Instead of slowing the spread of the covid-19 virus, The United States remains the most affected country in the world with thousands of hundreds of deaths.
As the social climate has worsened and the pandemic continues to spread.
Riots driven by outrage have erupted in many cities in the USA, following the mass viewing of a video showing the brutal killing by a police officer of George Floyd, a Black American man in Minneapolis Minnesota.
These public demonstrations of rejection of injustice are happening in the midst of a general lockdown caused by the viral pandemic affecting millions across the globe.
30 million people are also now applying for unemployment benefits in the USA.
During this mayhem NASA is launching a rocket into space with a private partnership.
The indifference toward earth people and affairs could not have been illustrated more loudly.

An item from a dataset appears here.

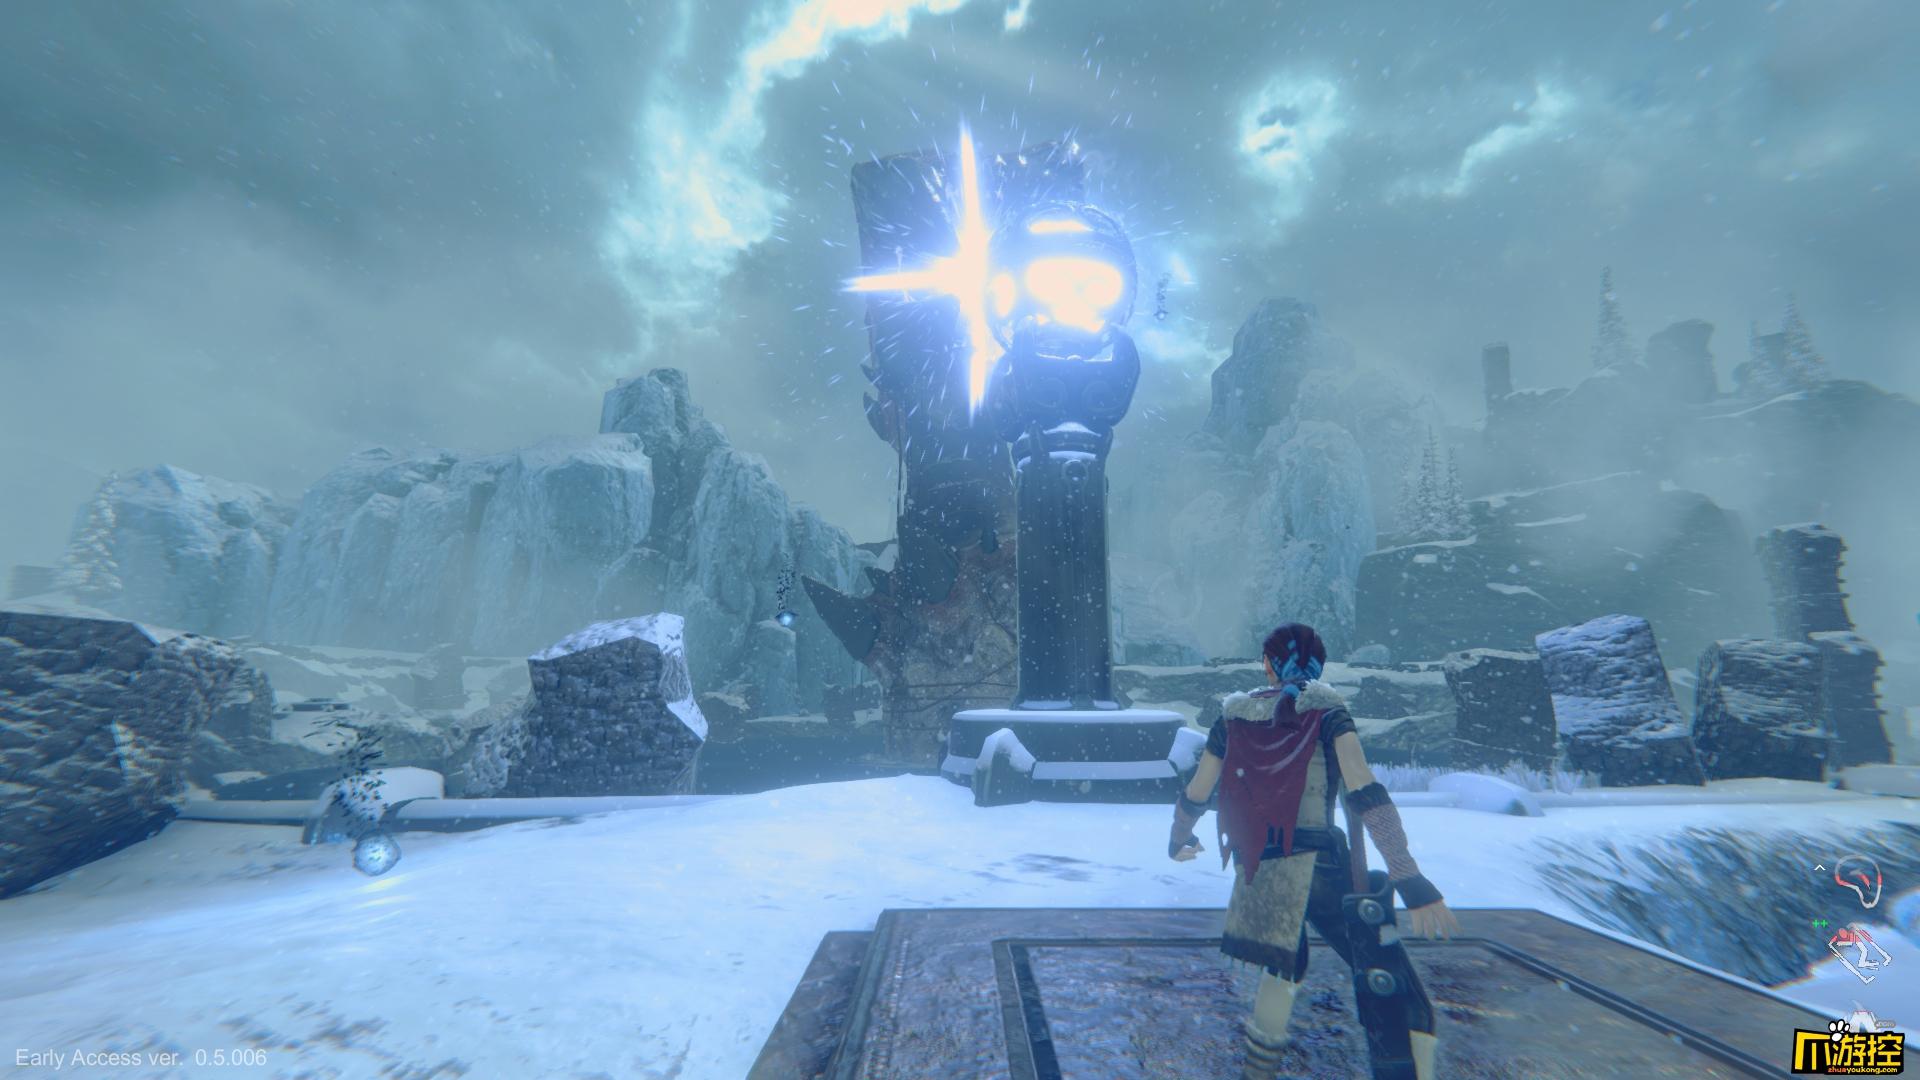 《巨神狩猎》游戏评测:环境环境很硬核 更真实的体验效果

While one part of America is saying “I can’t breathe”, another goes into luxurious experimentations in space travel.
As Bob Marley so aptly said: “…they riding on their ego trip, blasting off their spaceship, going miles from reality, no care for you, no care for me…”
(So much trouble in the world).
The treatment of Black people in the USA makes them live under a colonial regime type of governance. They are witnessing exactly the same ostracism as their African relatives in their interactions with the West. It must be said, and well understood, that the destiny of Africans on both sides of the Atlantic is irremediably bound as one.
When the Western countries want to get tough on Africa, Black Americans will be among the first to feel it. Because these Western powers consider them as Africans, and will not change that consideration. The first act of violence committed against blacks in America was the denial and covering of their African identity. This first act of erasure allows for real physical violence to occur, and mostly to justify it.
Someone who does not have a direct cultural link to their history is the product and the typical recipient of violent colonial treatment.
The history of African-Americans has been deliberately distorted to enable their tormentors to oppress them. The absence of reference to Africa is the measure by which we will know if this treatment shall continue or stop. Not enough people are making this necessary and redemptive link.
Those who do, already understand that nothing will change for Blacks in America, as long as Africa is not at the center of concerns and solutions for the development of their community. In America Black is not a color, it is a social category.
That reduction is only made possible when Africa is taken out of the picture.